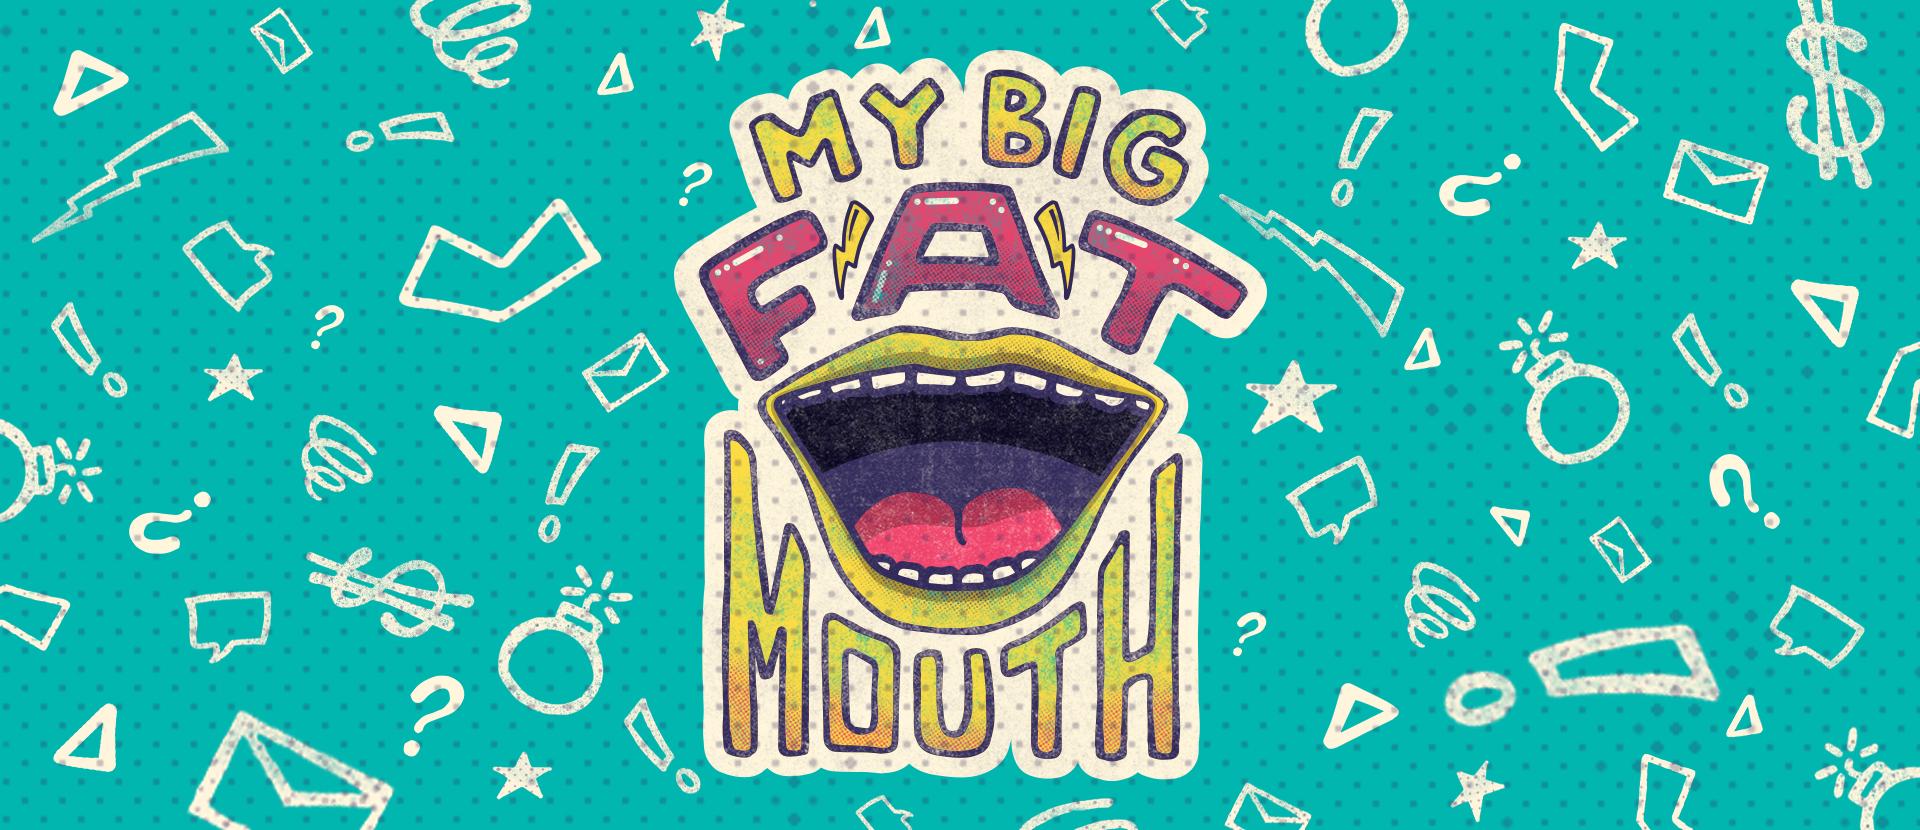 My Big Fat Mouth Main Screen.png
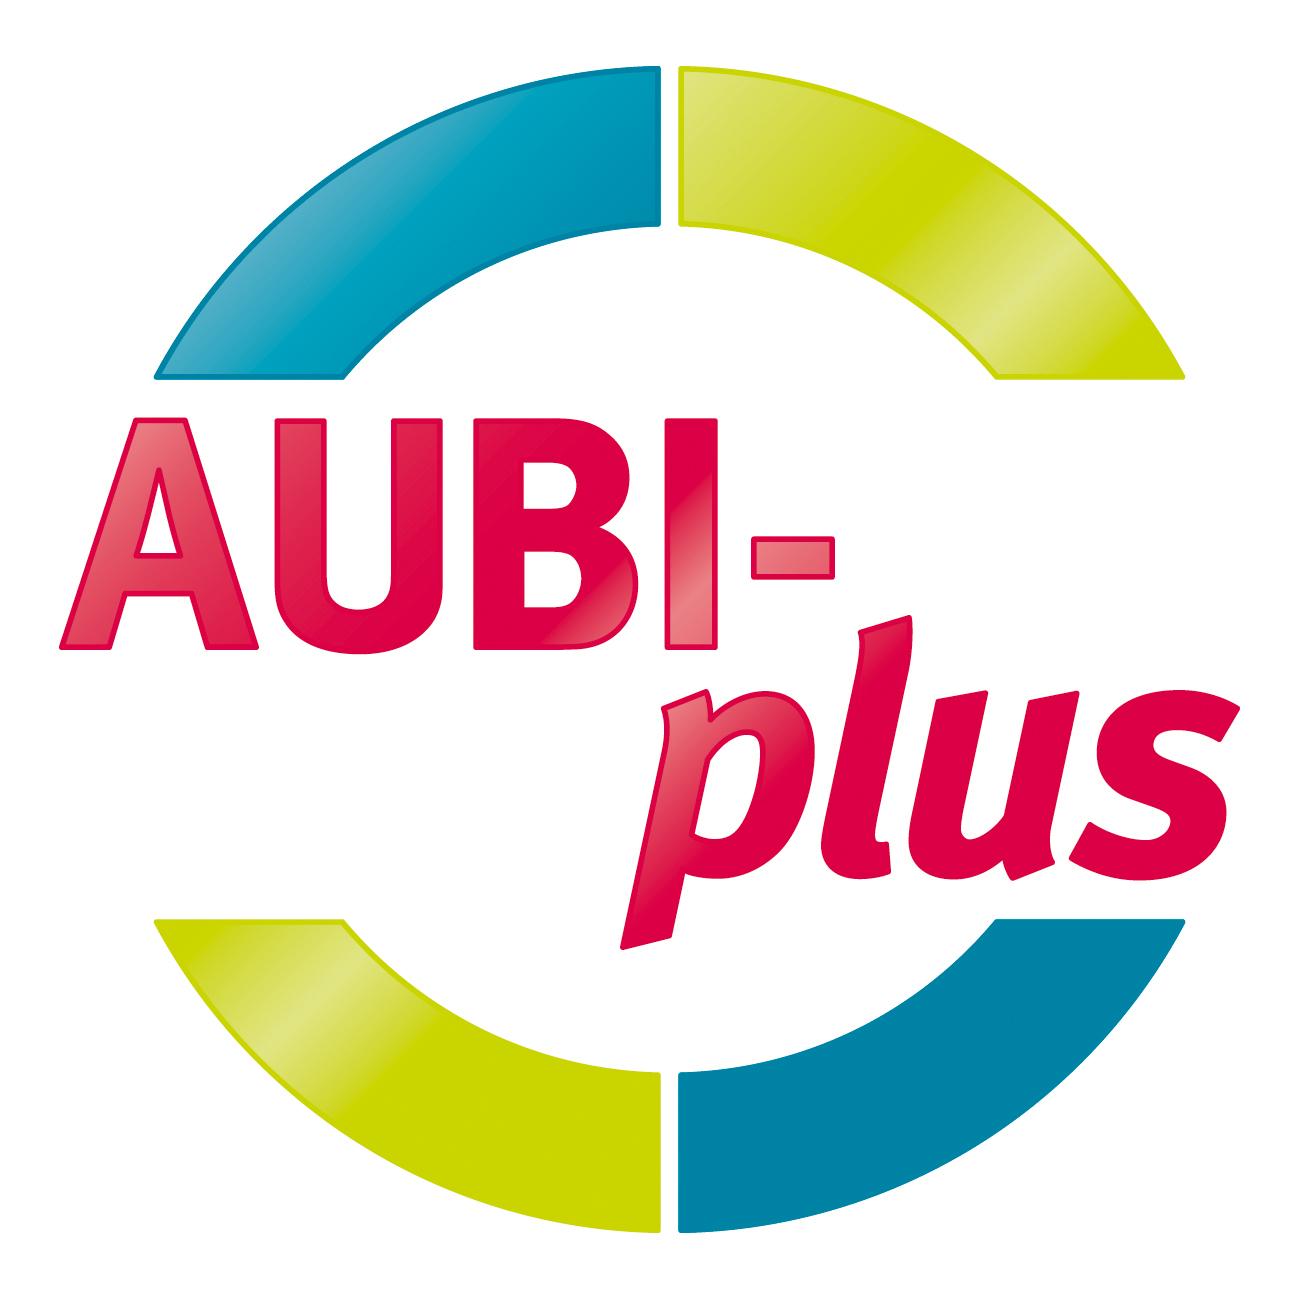 messedaten_messe_206_weblogos_aubiplus_gmbh.jpg
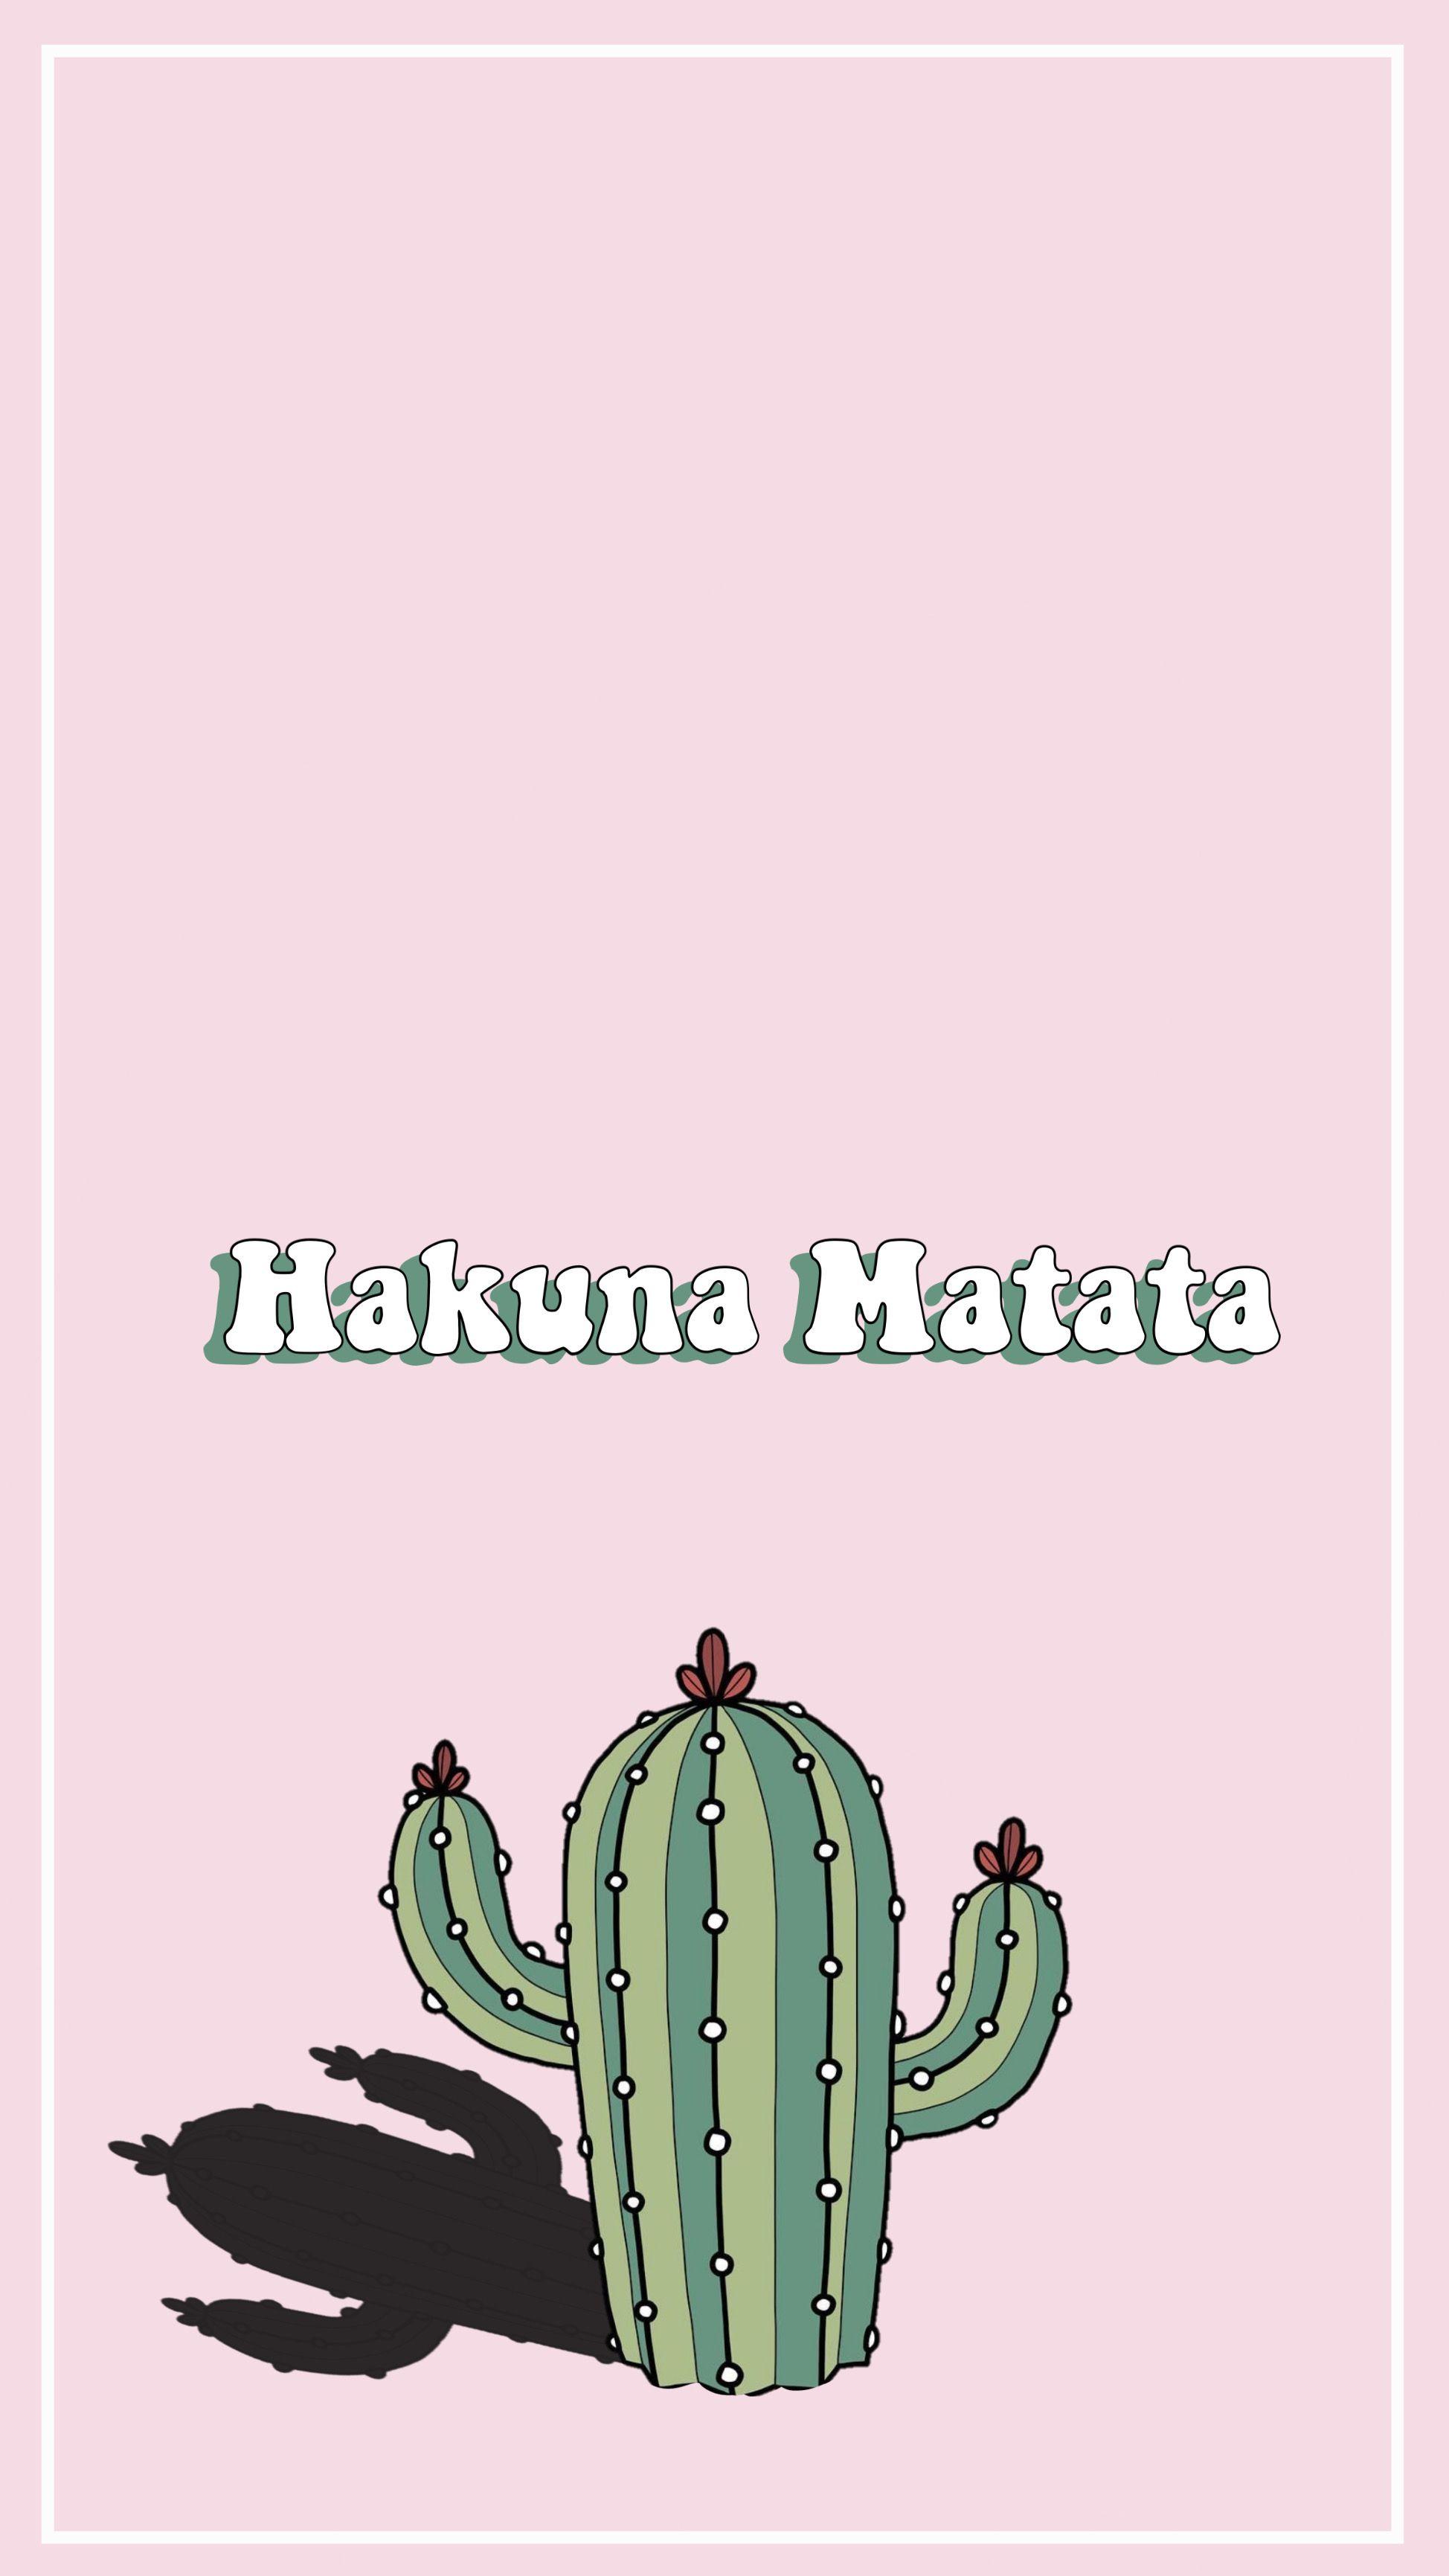 Aesthetic Lockscreen Wallpaper Hakuna Matata Hakuna Matata Hakuna Wallpaper

[Exercise requirements] Apart from the pictures, all of the data should be repeated exactly.

[Expected output]
 My Big Fat Mouth Main Screen.png
 messedaten_messe_206_weblogos_aubiplus_gmbh.jpg
 Aesthetic Lockscreen Wallpaper Hakuna Matata Hakuna Matata Hakuna Wallpaper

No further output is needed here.